Listening to them speak about their frustration revealed why these debates are so difficult and divisive. The shootings and homicides in cities like D.C., Baltimore, St. Louis, and Philadelphia have created a generational conflict in a subset of majority-black neighborhoods. Older residents who own property and are invested in the community are on one side. Young people with few responsibilities and no ownership stake in the neighborhood are on the other. The people who fight against “mass incarceration” have their cousins in mind, but their advocacy completely ignores the pleas of their grandmothers.

I’ve been in meetings where residents said they wanted more police patrolling their neighborhoods for longer stretches of time and being more proactive to prevent crime. In the next breath, the same people said they did not want to see any more young black men go to jail. Given the demographics of who commits the shootings in Washington, I knew that was a logical impossibility.

The national conversation about street crime has been taken over in recent years by activists and ideologues, including professional athletes like Colin Kaepernick, self-avowed Marxists like the founders of Black Lives Matter, and “Negrotown” journalists who never have to deal with the consequences of the ideas they promote.

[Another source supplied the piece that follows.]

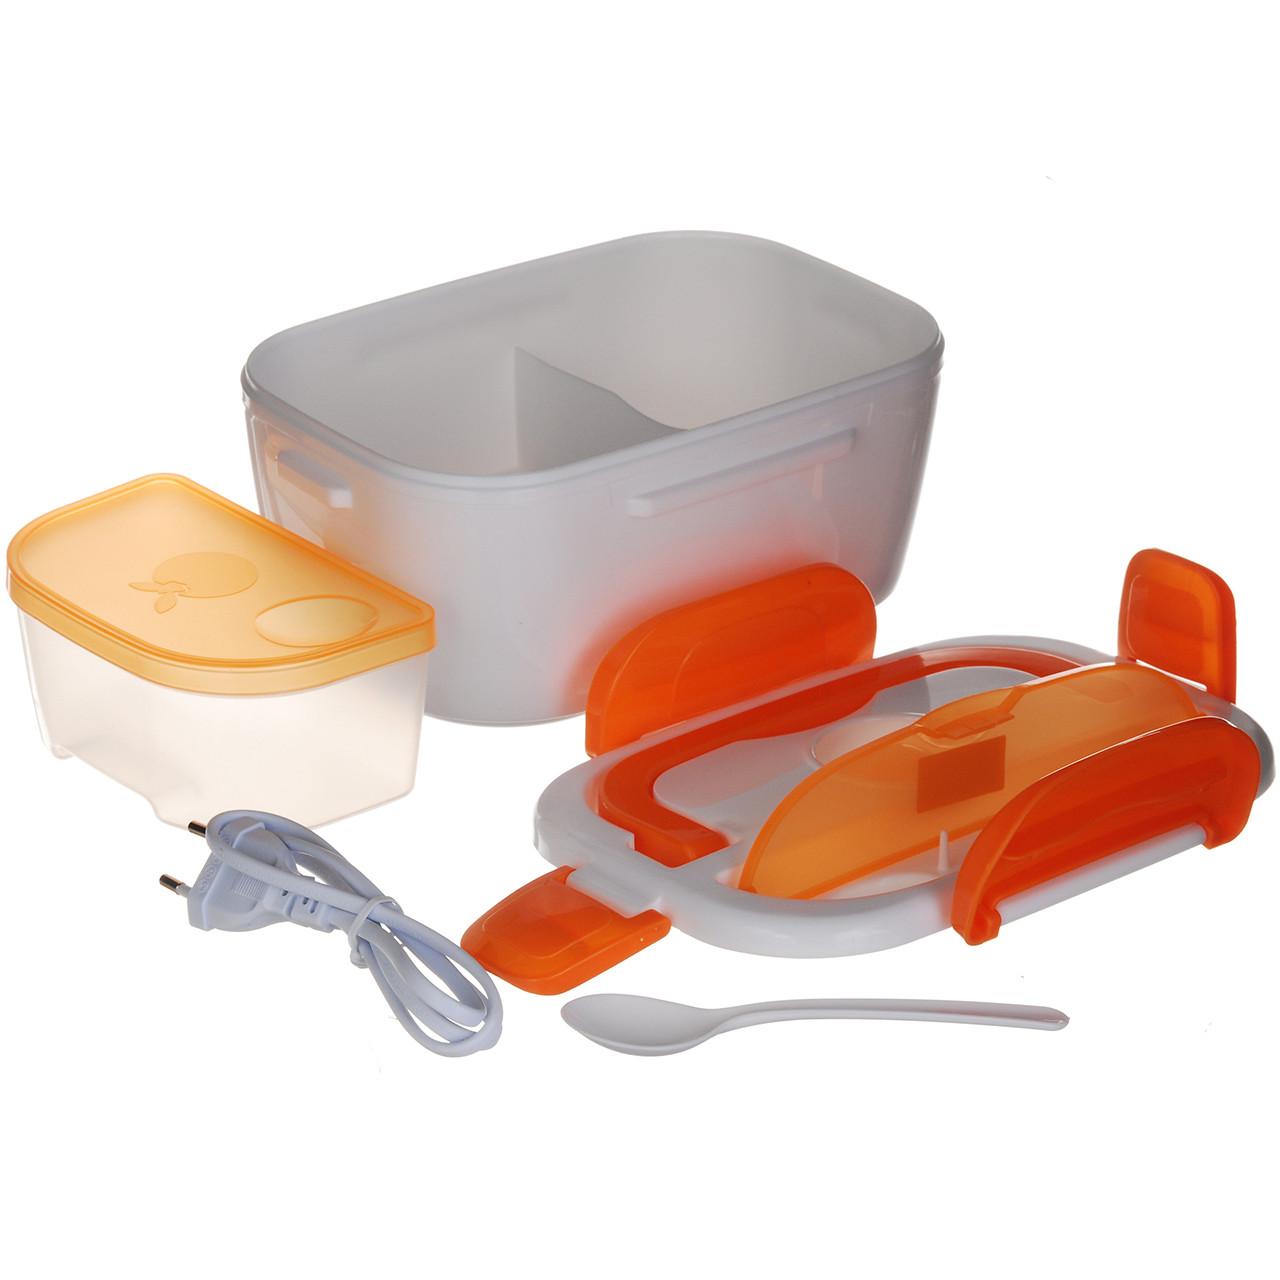 Термо ланч-бокс The Electric Lunch Box (3166) Оранжевый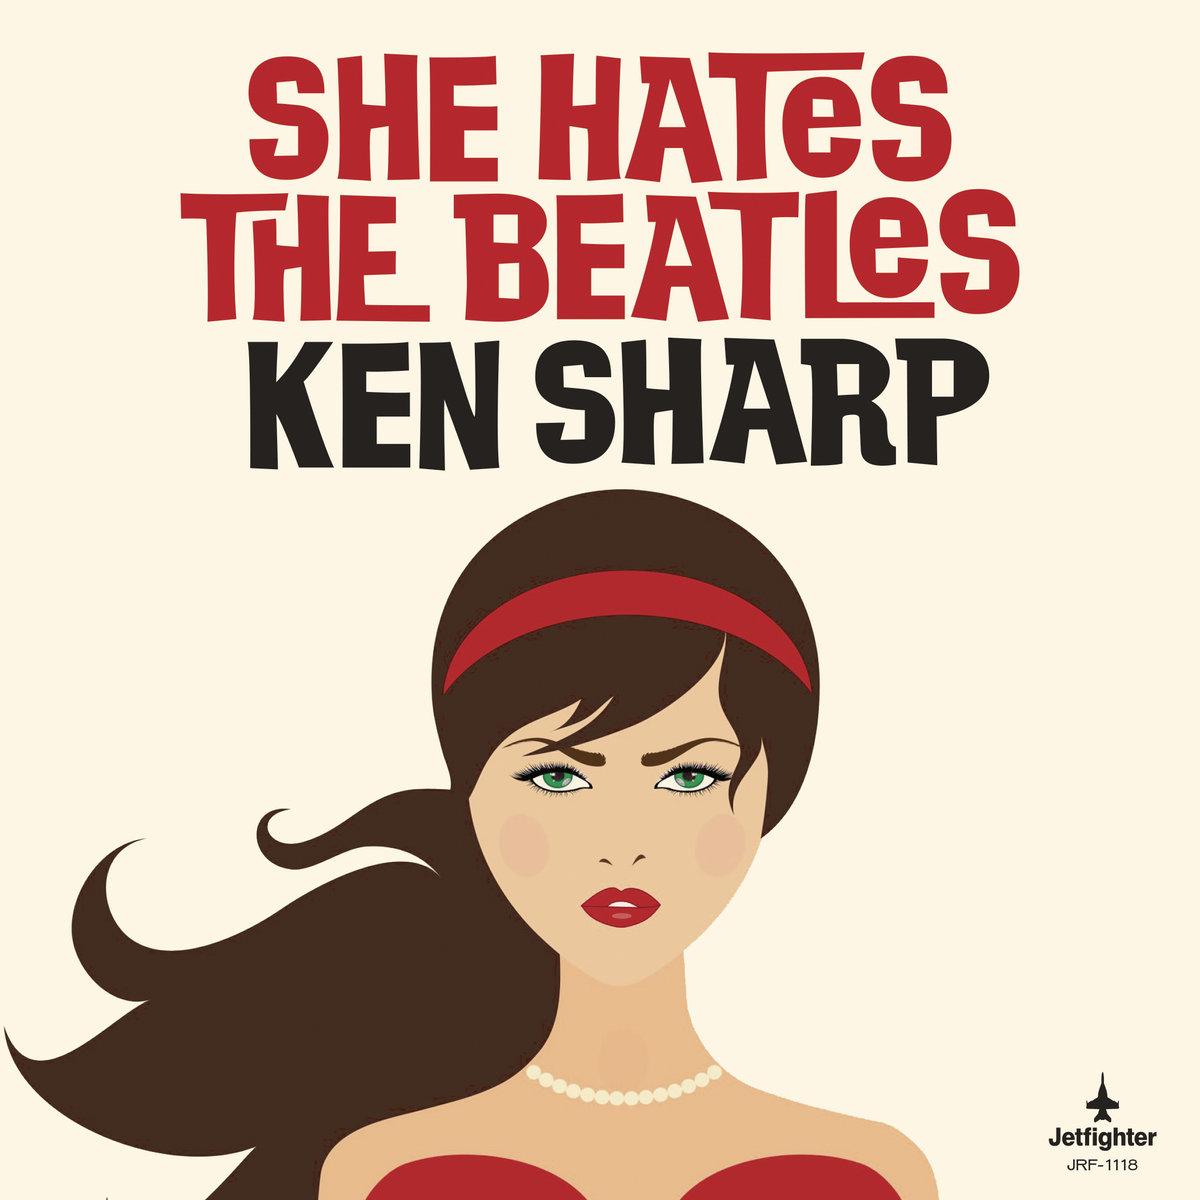 ken sharp she hates the beatles cover

The people close to the problem know that the police presence in these neighborhoods is a response to the disorder, not the cause of it. The reason cops are in the schools – another contested battle in the nation’s capital – is because order has left them.

All of these issues ultimately go back to the home. No amount of planning and strategizing about crime prevention will be successful if elected officials and their advisers ignore the role families play in socialization and values development. When a teenage boy shoots and kills one of his peers, the first adults who should be held accountable for his actions are his parents, not police officers, teachers, or social workers.

Progressive politicians haven’t learned that lesson yet, mainly because they believe they have the power and intellect to solve every problem. There is, however, one message that citizens are sending to their elected officials loud and clear: Crime doesn’t pay.